Грильпарцер обнаруживает здесь поразительное искусство создания комических типов. Его пьеса носила черты интеллектуальной комедии. В трактовке проблемы правды и лжи он исходил во многом из этических постулатов Канта, рассматривавшего ложь как «величайшее оскорбление долга человека по отношению к самому себе», «унижение и как бы уничтожение своего человеческого достоинства».

Проверка этих постулатов практикой жизни осуществляется в пьесе — главного героя Леона епископ Григорий подвергает испытанию, налагая на него запрет говорить неправду, находясь в стане врага. Исходные позиции и того, и другого меняются к концу пьесы: Леон постигает правду как принцип, регулирующий человеческие отношения, Григорий начинает понимать, что абсолютная норма не может быть достигнута в сложном мире, который в комедии просвечен насквозь под углом антиномии правды и лжи. Все полагают, что говорят правду, и все же лгут самим себе. И все же умение оставаться самим собой, считает автор, приближает человека, как и человечество в целом, к идеалу правды.

Грильпарцер глубоко понимал особенности общественно-политической жизни Австрии, что, однако, не исключало его противоречивой позиции в отношении к революции 1848 г. Подтверждая необходимость американской освободительной войны и французской революции 1789 и 1830 годов, он в отношении к событиям 1848 г. остался в конечном счете лояльным подданным абсолютистской власти. Он ненавидел реакционную меттерниховскую систему, однако был против буржуазной оппозиционной партии, не доверяя буржуазии историческое будущее. Для монархистов он был либералом, для либералов — монархистом. Контакта с прогрессивными демократическими силами писатель не нашел и увидел себя «проклятым на пассивность». Он не доверял националистической идеологии немецкой буржуазии и предвидел, во что будут обращены классические идеи гуманности, если восторжествует великодержавный национализм.

Путь нового образования таков:
Сначала гуманность,
Затем национальность,
В итоге — бестиальность.
(Перевод автора статьи)

Вместе с тем писатель страшился стремления к национальной самостоятельности со стороны народов империи, понимая, что в этом конец империи, и хотел доброго согласия и примирения народов в пределах их «общей родины».

После неуспеха комедии в Бургтеатре (хотя возобновление постановки пьесы сопровождалось большим успехом и она была признана одной из лучших комедий на немецком языке) — Грильпарцер принимает давно вызревавшее в нем решение не публиковать своих пьес и не разрешать ставить их на сцене.
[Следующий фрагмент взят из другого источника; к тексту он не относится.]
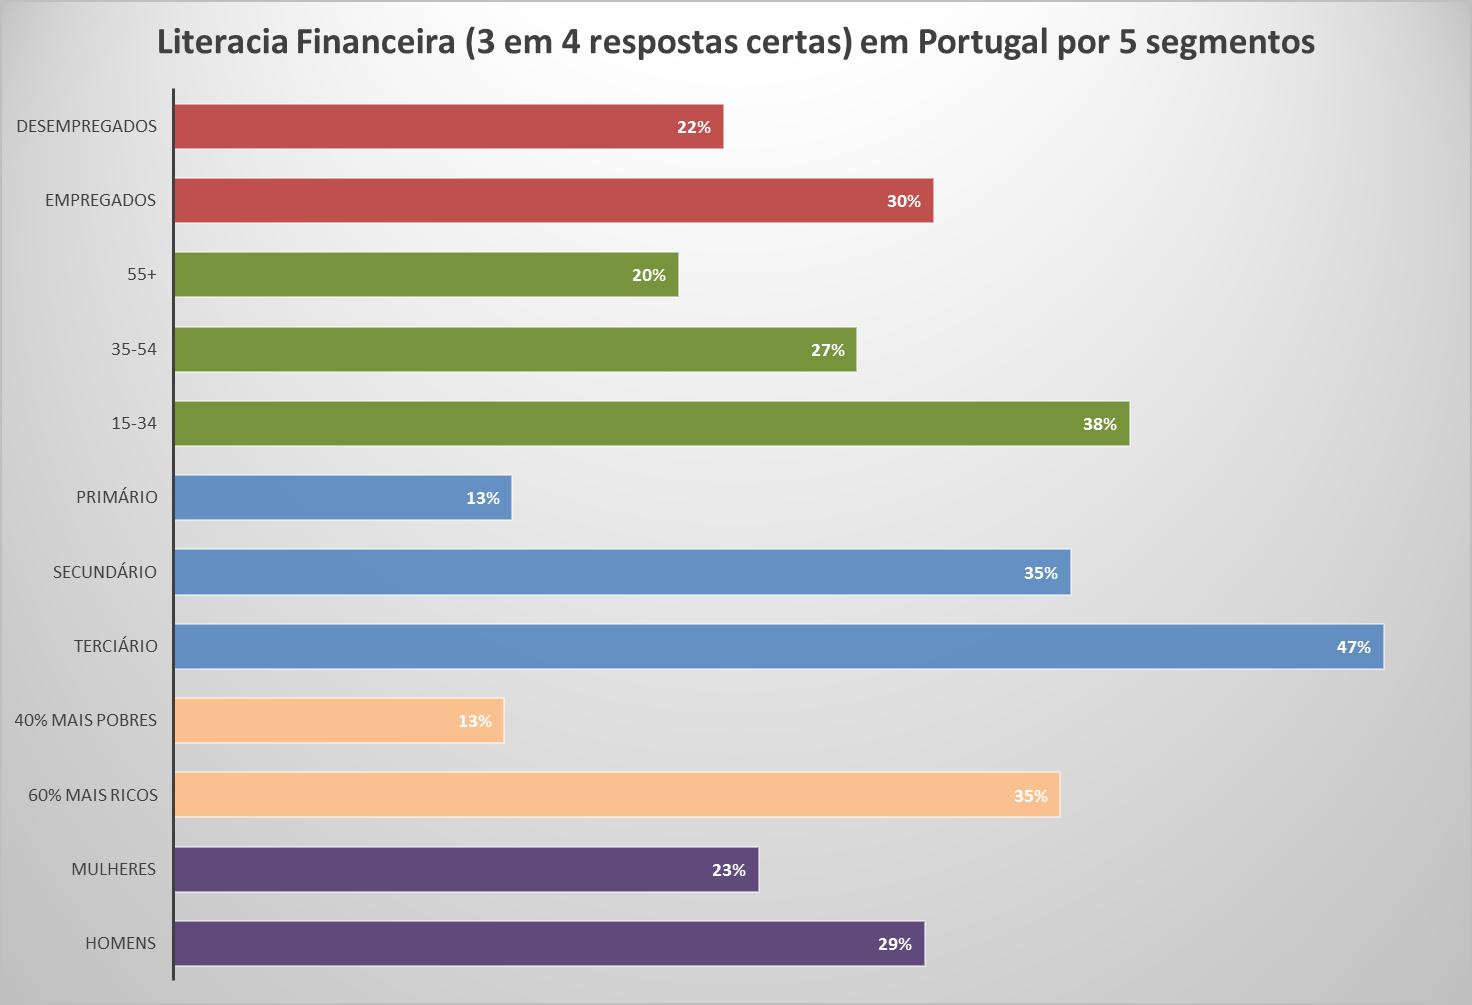 Literacia Financeira: Onde Erram os Portugueses?

Однако упорно работает над тремя пьесами, обратившись к волновавшей его исторической теме.

Не оглядываясь на цензуру, публику и критику, не связывая себя ни с одной из доктрин (консерватизм, либерализм), он создает свои итоговые произведения, раскрыв глубочайшую сущность своего творчества. Не принятая им революция 1848 г стала существенным стимулом к осмыслению проблем современности, обострив в нем стрем­ление проникнуть в грядущую историю, подвигнув на создание шедевров своего творчества. В 40-е годы, когда заявили о себе Ф. Геббель, Р. Вагнер, авторы «Молодой Германии», Грильпарцер сознательно ушел с литературной сцены. Обратившись к старым замыслам, восходящим к двадцатым годам, он завершает их примерно в 1848-1851 годах, однако вновь и вновь возвращается к ним. Опубликованные посмертно в 1872 году, поставленные тогда же на сцене, они обнаружили свою актуальность, стали значительным явлением культурной жизни того времени.

«Еврейка из Толедо» строится как рассказ из испанской хроники о любви короля Альфонсо VIII к толедской еврейке. Опьяненный страстью, король забывает о государственных делах, в то время как стране угрожают вторжением мавры, — и гранды принимают решение умертвить его возлюбленную.

Сюжет, многократно разрабатывавшийся от Лопе де Вега (комедия «Примирение высочеств, или Еврейка из Толедо», 1617) — до Лиона Фейхтвангера (роман «Еврейка из Толедо», 1955, в русском переводе «Испанская баллада»), у австрийского драматурга трактуется как конфликт любви и долга, долженствования и воли, решаемый в пользу высшего государственного разума.

У трупа Рахили потрясенный Альфонсо познает, что его любовь к ней была сном, от которого он пробудился, исцелился как от безумия, очистился, осознав свою вину «пред женщиной, престолом и народом». Призывая сына стать «ангелом хранителем отчизне», надеясь на искупление грехов своих и грехов преступных грандов, он идет в поход на мавров, исход которого должен решить, достоин ли он занять престол Кастилии. Но как бы ни торжествовала государственная мудрость, над ней возвышается голос живого человеческого протеста, звучащий из уст сестры Рахили Эстер, упрекающей «вельмож», которые во имя своего примирения «жертву неповинную заклали, избрав ее из малых, из простых». Обвиняет она в предательстве и самого короля, предрекая, что из надменного забвения его «в час карающей беды» вырвет явившийся перед ним «искаженный мукою последний, растерзанный, печальный, мертвый образ». Этим судом над государственным разумом, поправшим человека и человечность, драматург завершает трагедию.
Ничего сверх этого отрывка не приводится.